What next? The added problem of BREXIT
Though all of these issues are pre BREXIT, the PM and the Secretary of States are right that BREXIT will make failure even more painful than it already is. In the next few years the cash cow of the North Sea will be gone, the City of London is likely to take a big hit (from New York as much as Paris and Frankfurt) and the continuing chasm between government spending and government revenue is forecast to start rising again after 2020. Less North Sea monies, less City monies, and more debt is not an enticing platform for our post BREXIT world.
There is an argument to make that what Britain needs is a very hard and brutal shock, and that exposure to global competition without much more than the WTO trade rules will be a huge wake-up call, forcing the sorts of adjustments seen when Thatcher came to power back in the early 1980s (when 25% of manufacturing output close down within just 18 months). It could work, but it is unlikely that the political and social consequences would be the sort that the PM would want. This is a government pushing up the minimum wage to the living wage and keen to see the JAMs, the OWPs and the “working class” getting better off, having been “left out” by globalisation. This is where all the political rhetoric quoted at the beginning of this paper is most telling.
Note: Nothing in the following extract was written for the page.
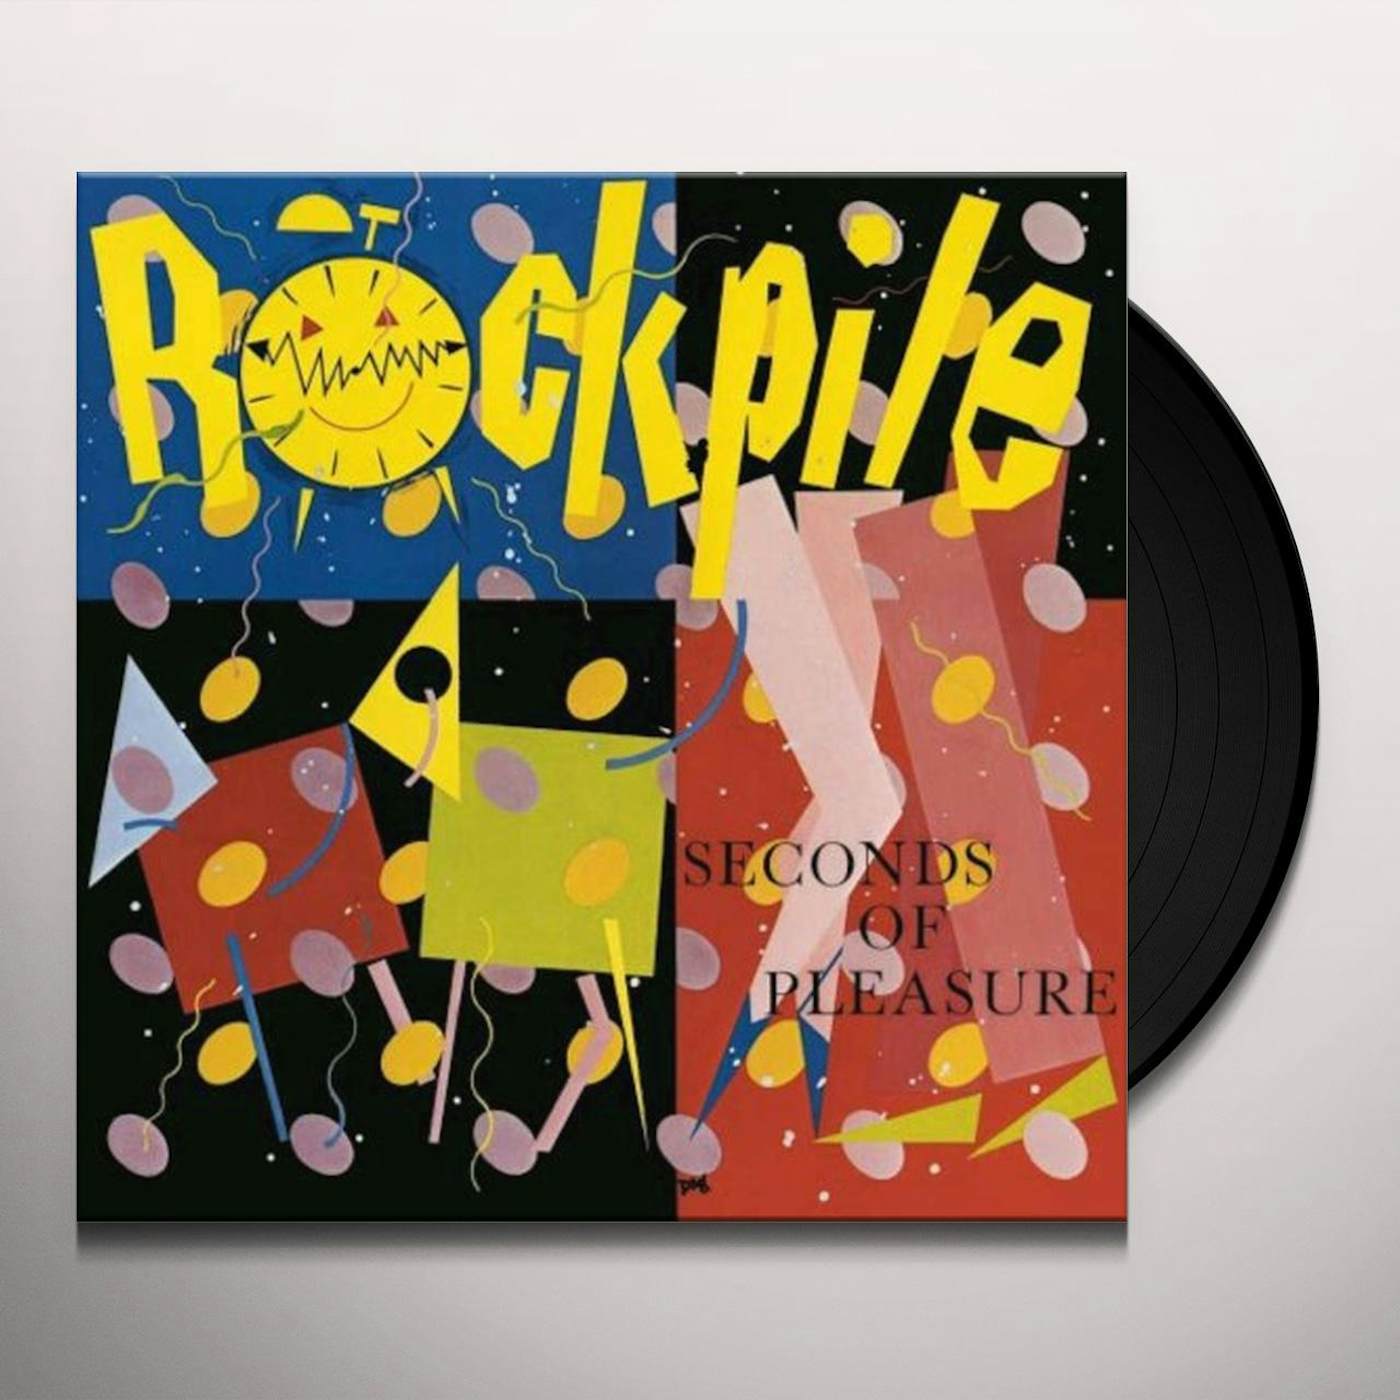 Rockpile Seconds Of Pleasure Vinyl Record

A new economic model along these lines is blatantly inconsistent with the political project of the PM.
There are two ways out of this. The first is to slim down the objectives of industrial strategy from the “for everyone” ambitions and to focus directly on the productivity problem, to learn the lessons from the numerous previous attempts, and focus the resources where government can have greatest impact – general infrastructure, general education policy, general university support and general R&D funding. It has policies for all of these, as have had governments for decades. The task is to make these better, and to avoid making things worse. It is all about roads policies and potholes, standing up to BT and its pension deficits, and spending on core research without trying to micro-manage the universities. It is about an educational policy, which stops trying to have new initiatives and tries to make the schools function better, from fixing the buildings to investing in the teachers.
The other is to go down the specific sector-by-sector route, and risk a return to the 1970s. The jury is out. The Green Paper could go either way.